TB-500 should not be used in patients with active or recent malignancy (the angiogenic mechanism is a relative contraindication, particularly for tumor types where neovascularization drives progression), patients on therapeutic anticoagulation without surgical-team review, pregnant or nursing patients, anyone subject to WADA testing, or pediatric patients. Self-sourced research-supplier material is unsuitable for any patient given purity and contamination risk.
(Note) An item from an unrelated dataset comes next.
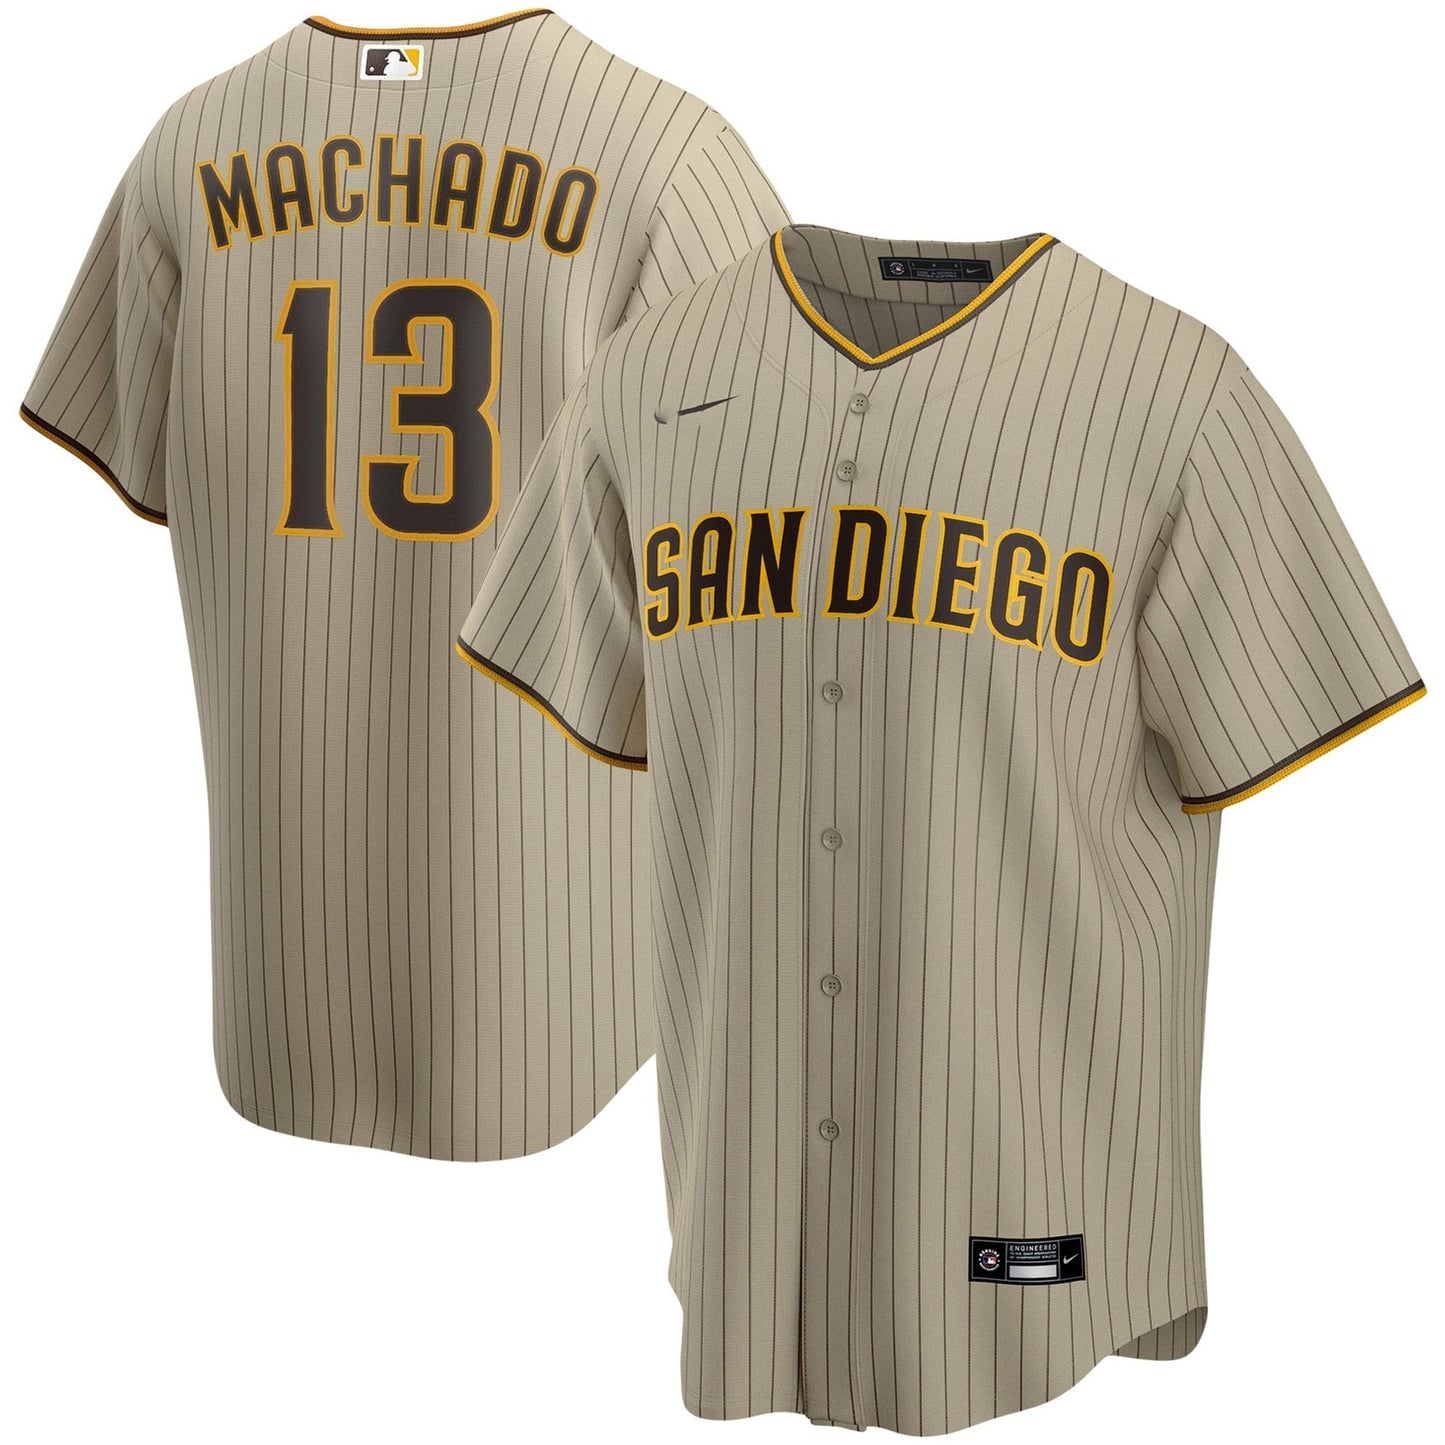 Mlb Baseball San Diego Padres Tati Jr. Machado
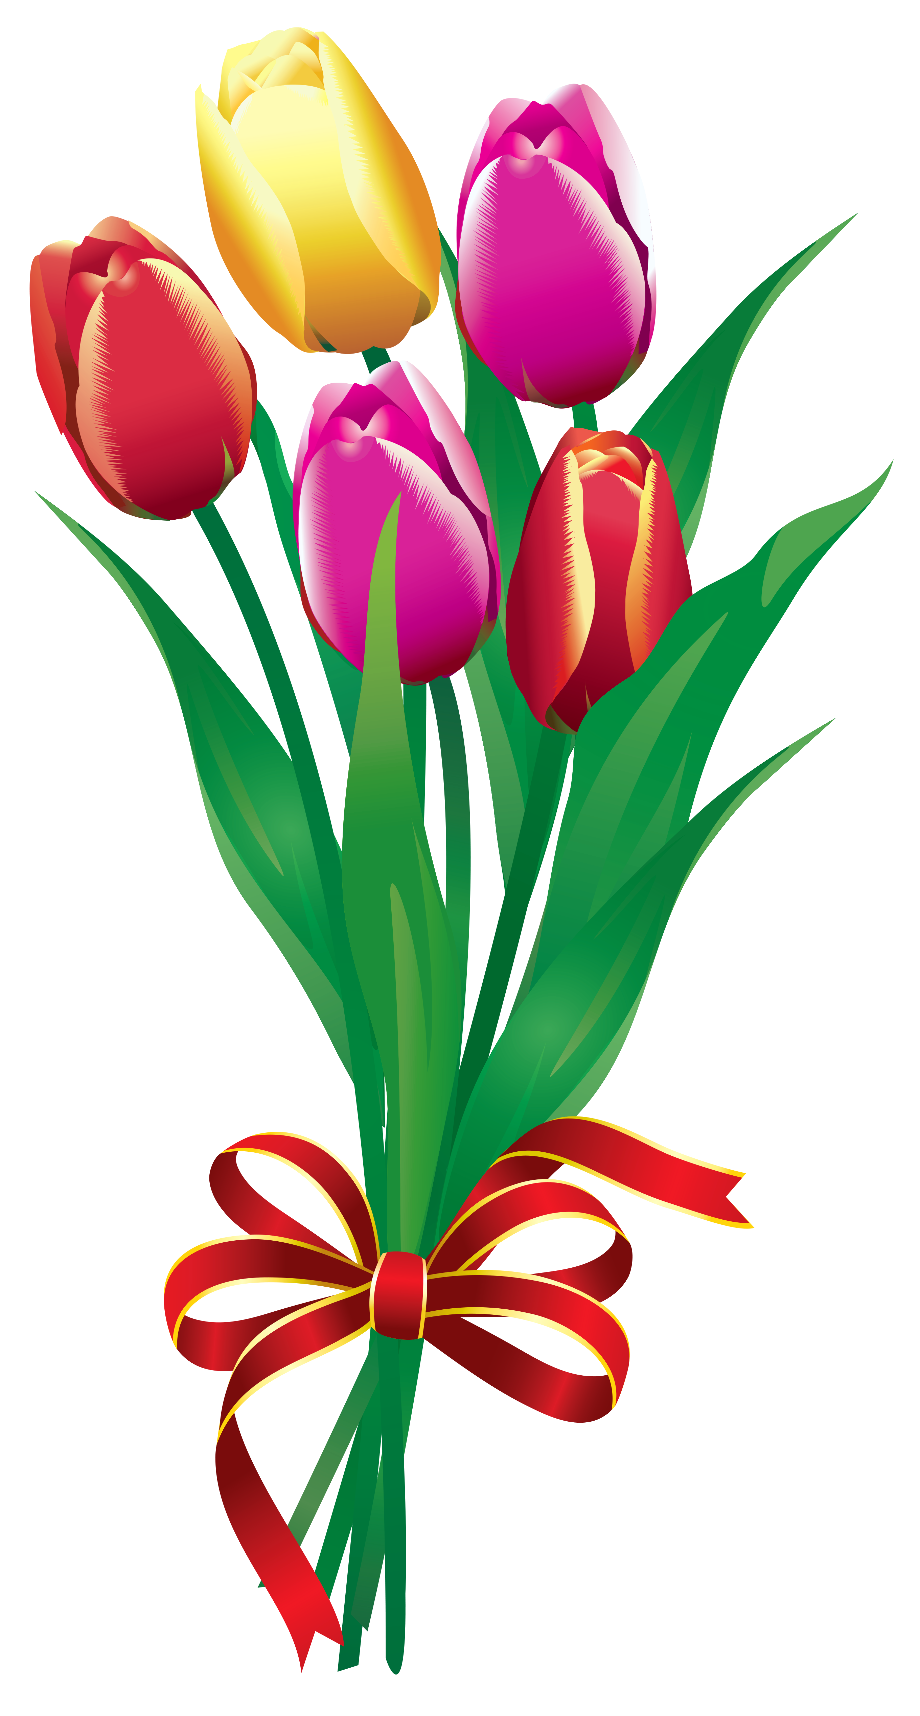 pink-flower-clip-art-at-clker-vector-clip-art-online-royalty-free-public-domain

The cited evidence cannot tell us whether subcutaneous TB-500 dosing produces effects comparable to the IV Tβ4 used in Phase 1/2 cardiac and corneal trials, what the optimal dose-response relationship is in human soft-tissue repair, or whether the BPC-157 + TB-500 combination outperforms BPC-157 monotherapy in a controlled trial. We would change our framing on the July 2026 PCAC decision, publication of any human RCT of TB-500 in a tendinopathy or post-surgical indication, or completion of a stack-vs-monotherapy comparison.